While watching the musical version on Fox, I noticed the subtle political messages being interwoven into the presentation. We heard a brief radio interlude of a news bulletin of Republicans and Democrats not seeing eye to eye, subtle words from the mom about being worked like a horse, and then witnessing the father character doing some sort of can can dance with the leg lamp… I’m wondering to myself if the people that produced the musical originally have ever read or seen the original?

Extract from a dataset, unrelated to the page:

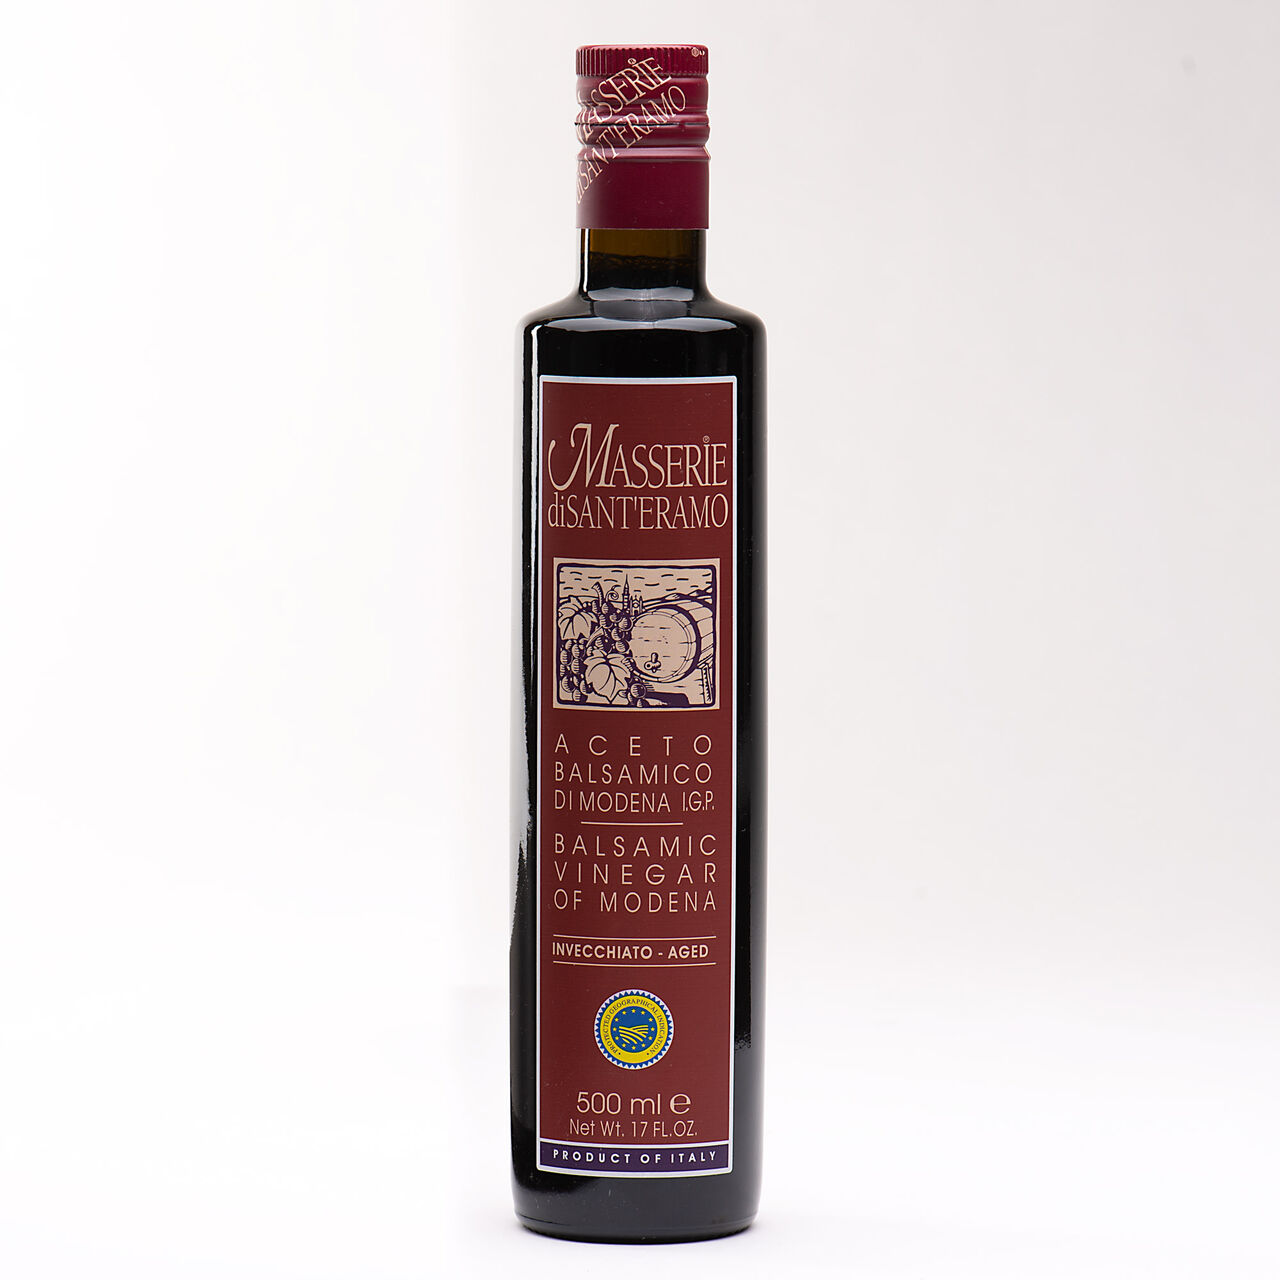 Masserie di Sant'eramo Balsamic Vinegar of Modena - 17oz, , large image number 0

I also couldn’t help wondering to myself if this is a punishment for America electing Trump. It’s the worst thing to wonder when watching a holiday presentation, but that should tell you the quality of this presentation especially once that is trying to be politically correct.. when the original took place in the 1940s before being politically correct was the thing to do.
I know unfair to compare two works from the same source material, but human nature makes it impossible so I figure why not just go with human nature and do a compare and contrast of these two works of a great story!
1. One is a live musical presentation, the other is a feature film.
Both formats have their pluses and minuses. In a feature film, you don’t have the intimate feel of viewing a story which you have on a live stage presentation. On the other hand, in a feature film.. the actors aren’t over acting nor chewing scenery.. which in a live stage presentation.. I’m surprised that the set isn’t consumed before the end of the first act.
In the original film version, we have the actual author (Jean Shepherd) of the source material acting as the narrator and he has a soothing voice that makes you feel nostalgic even if you weren’t even born in the time period of the story. I think the fact that he’s the writer and is basing it on his child-hood is why he is so perfect as narrator.
Since Jean Shepherd has passed, it makes sense that the live production has found another narrator to take his place.. and in this particular version, that person is Matthew Broderick. No one will ever play that part like Jean Shepherd, but perhaps an unknown would have been better for the part and maybe not being shown would have been better since it looks like Matthew Broderick is the creepy uncle haunting the family from beyond the grave.
In the original film version, we watched the various schemes and fantasy segments of our lead character as he tries to hint about wanting a Red Ryder BB Gun, while trying to find numerous sources to tell this wish to.. while getting told ‘You’ll shoot your eye out’. Peter Billingsley had the right mixture of childhood excitement, melancholy, and relatability.
In the live version, he’s cute but doesn’t have the charisma of Peter Billingsley, plus the direction featuring Matthew Broderick on screen distracts from getting to know the child actor playing Ralphie. We are being deprived of Ralphie’s facial expressions in this live version because of the decision of showing the narrator on screen too much.
4. Ralphie’s Father and Mother
No contest.. Darren Mcgavin and Melinda Dillon are so identified in the parts that no other performer would ever compare to the greatness of both of those actors playing the part. Plus, the chemistry between Darren and Melinda is an element that makes the film version so good.. especially their silent war over the Leg lamp 🙂
While Maya Rudolph and Chris Diamantopoulos seem like talented performers, I don’t envy them stepping into the shoes of Darren and Melinda. Plus, the modern day touches in the banter between these two takes me out of a story taking place in the 1940s.
As I feel my life flashing before my eyes, I think sometimes a classic shouldn’t be messed with. While sometimes it works (see the many versions of A Christmas Carol), other times.. it is better to leave well enough alone and A Christmas Story is the perfect example of why.